Illinois Income Tax Increase: Picture Not So Dire As Neighboring States Suggest

Despite Crowing, Illinois Income Tax Still Relatively Low

Since Illinois lawmakers passed a two-point income tax increase -- raising rates from three to five percent to address the state's dire budget crisis -- neighboring states have been crowing about how ugly the climate now looks in Illinois.

Mitch Daniels, Republican governor of Indiana, told reporters Monday, "We already had an edge on Illinois in terms of the cost of doing business, and this is going to make it significantly wider." And newly-elected Tea Party-backed governor Scott Walker in Wisconsin said that he would aggressively pursue Illinois employers:

"I pulled out an old bumper sticker from the '80s when Tommy Thompson was governor that said, 'Escape to Wisconsin.' That was the tourism campaign back then. But that's a message we're sending now to employers in Illinois," Walker said.

But for all this talk, we got to wondering: just how will Illinois's new income tax stack up to its neighbors?
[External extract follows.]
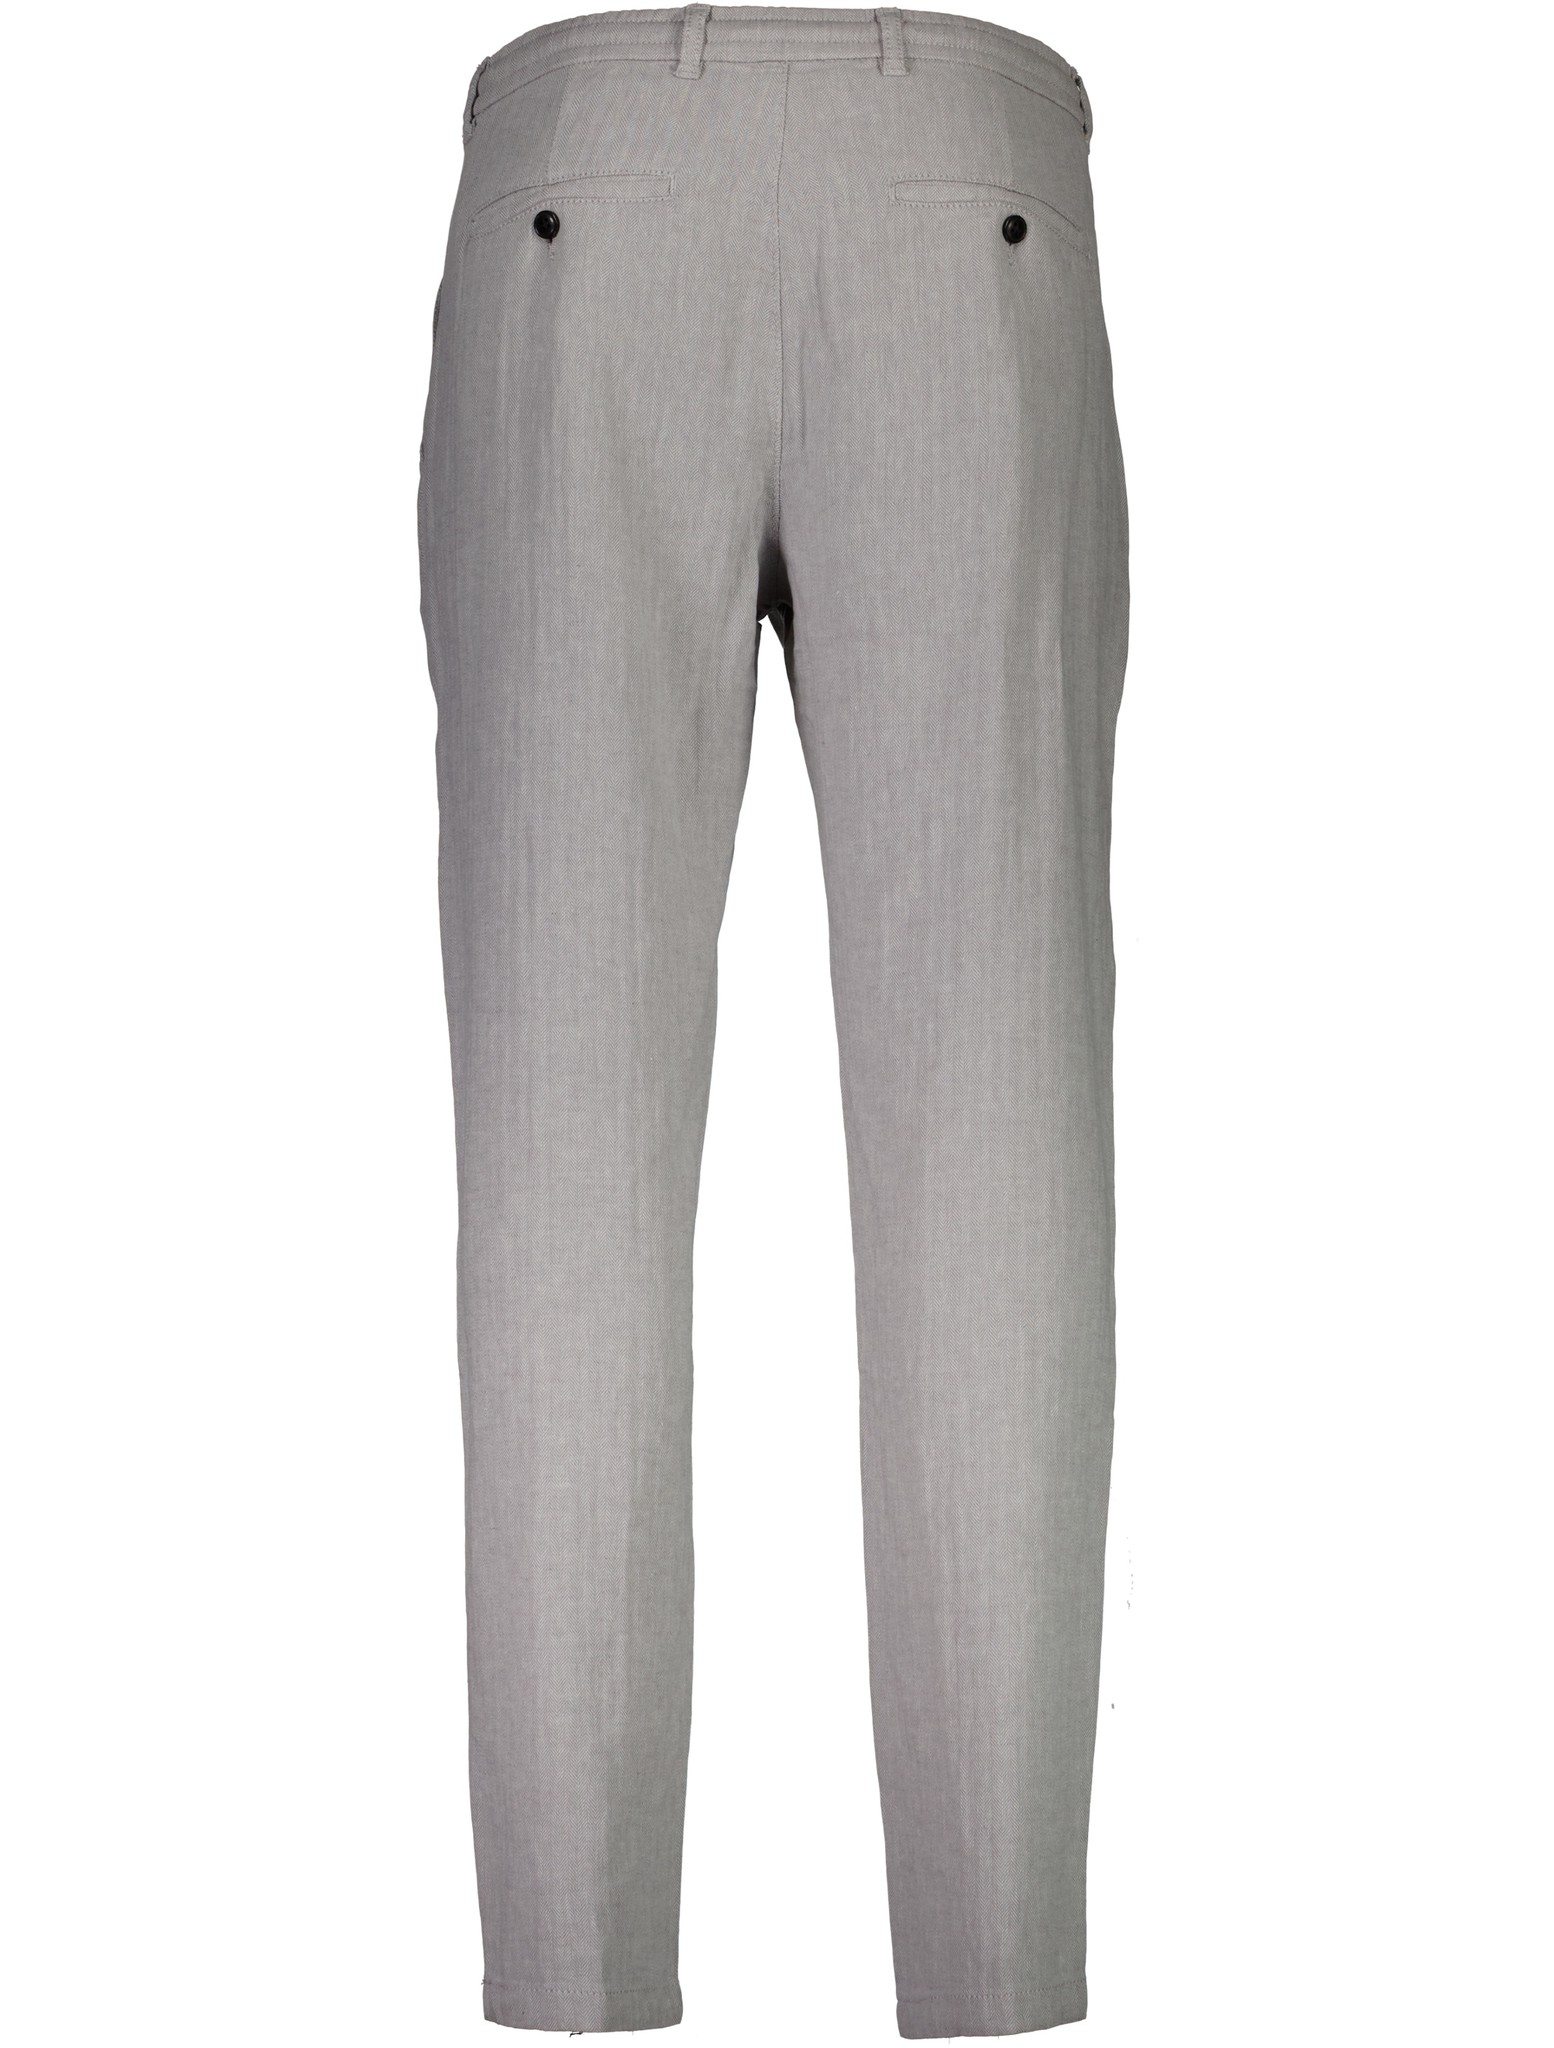 Linen Blend Herringbone Pants Style: 30-003020US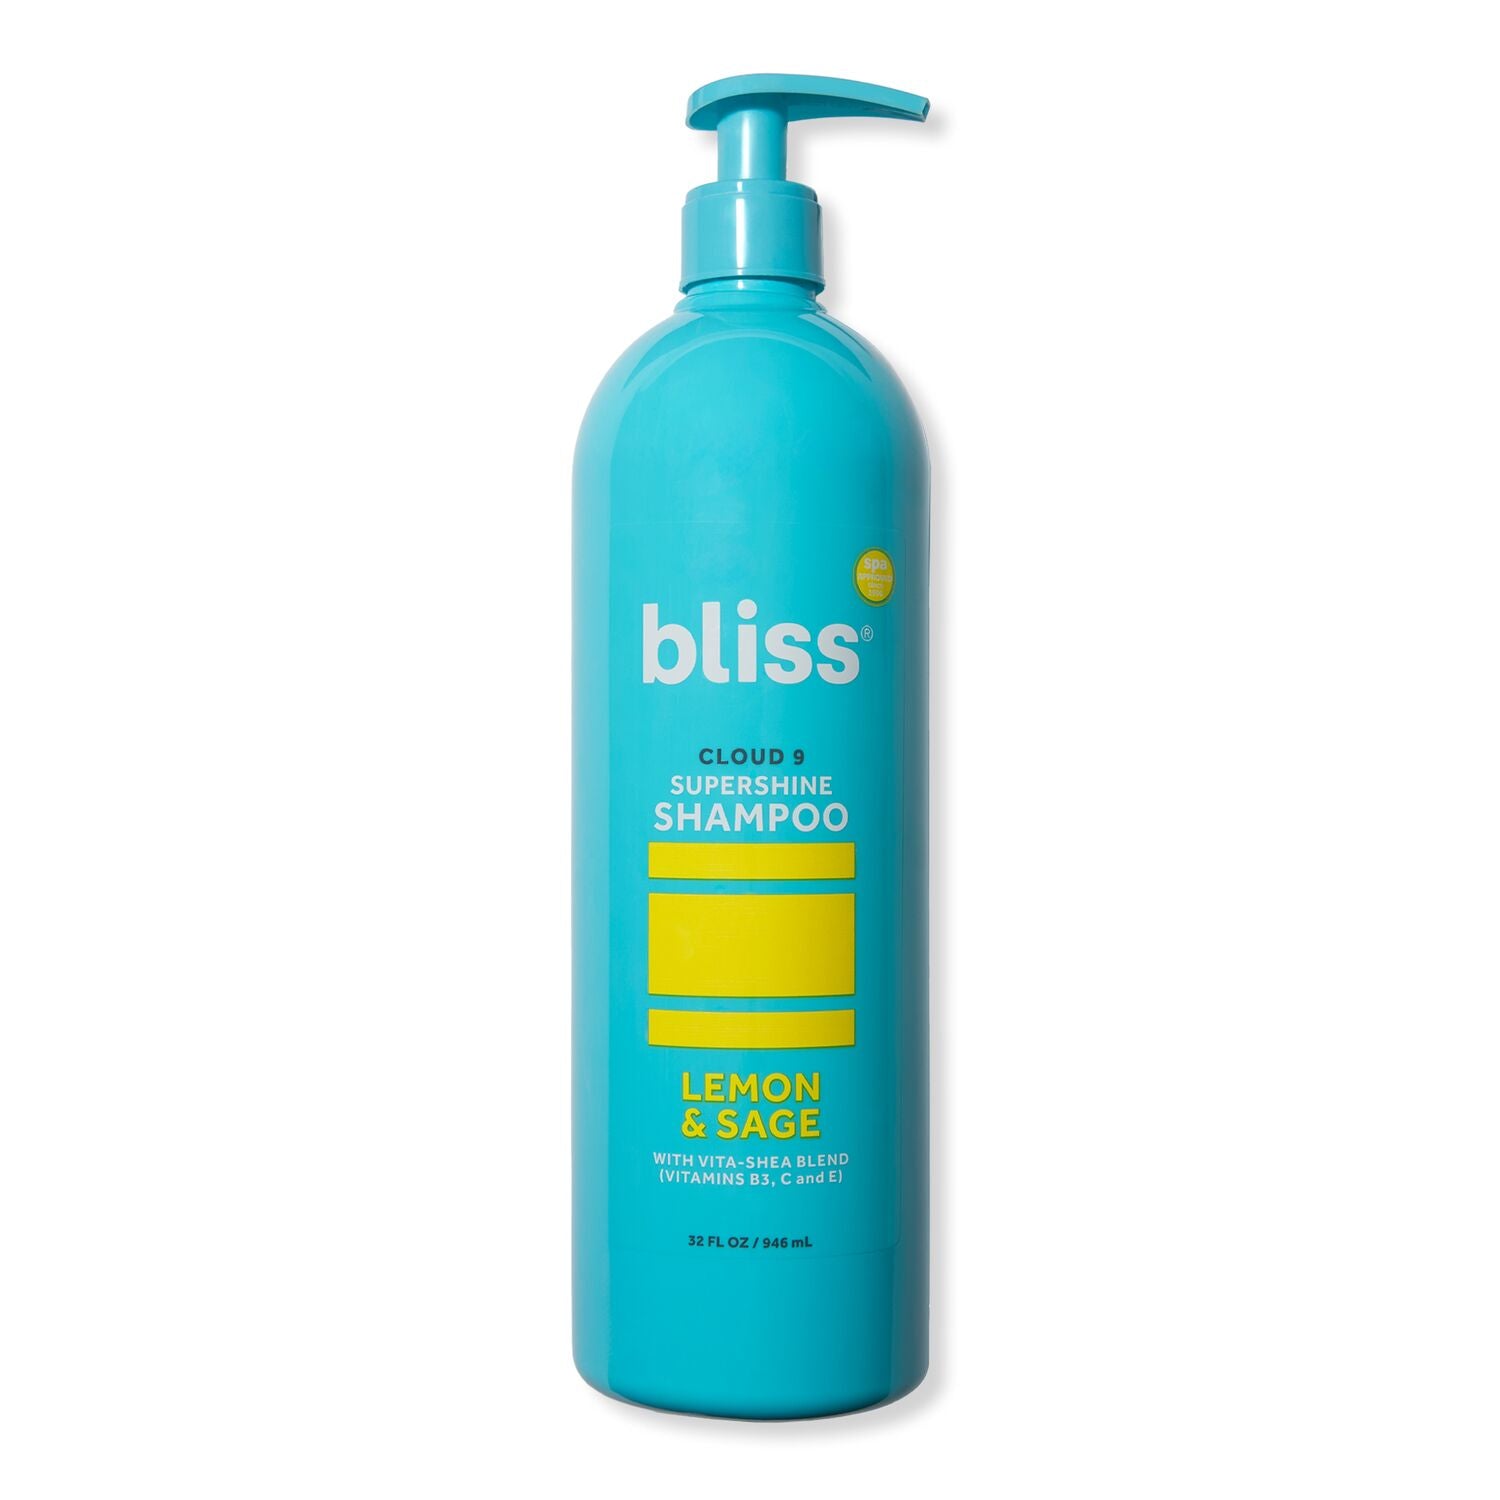 Bliss World Store Supershine Shampoo, Lemon & Sage With Vita-shea Blend (vitamins B3, C And E) In White

The short answer: not all that badly.

It's a bit complicated, because most of Illinois's neighbors have progressive taxes -- like the federal income tax, they use brackets to tax the wealthy at higher rates than the poor. Illinois's flat 5 percent tax will apply to all earners.

So we decided to look at the median family income in each state, and see how much the average family will be paying in taxes. Here's how it looks:

In fact, Indiana's numbers are a bit misleading. The state also has a county-by-county income tax that every county but one has adopted. The average county rate is about 1.43 percent, raising the state's total rate to 4.83 percent on average -- just a hair lower than Illinois's rate.

And Wisconsin sure doesn't seem to have anything to gloat about.

The corporate income tax picture is more complicated still, because Illinois employs a 2.5 percent "personal property replacement tax," while states like Wisconsin apply state property taxes to businesses. Still, the 9.5 percent corporate rate that Illinois will end up with will be within a point or two of Indiana and Wisconsin, and significantly less than Iowa's top rate of 12 percent.

Meanwhile, Illinois Governor Pat Quinn made the valuable point that the income tax isn't the only thing a business will look at when choosing where to locate.

"It's important for their state government not to be a fiscal basket case," Quinn said. And indeed, the state's tax hike might well restore business confidence in Illinois's finances, as it moves to close a yawning $15 billion budget deficit.

But as long as Scott Walker in Wisconsin wants to play the blame game, he might consider the Tax Foundation's assessment of his state:

"For the past three decades Wisconsin's state and local tax burden has consistently ranked among the nation's highest," the nonpartisan research group writes.

Or for a more frank assessment, Illinois Manufacturers' Association President Greg Baise told the Sun-Times: "Wisconsin is not the mecca where everybody is going to be running off to. The last time I looked, their climate is a lot s**ttier than ours."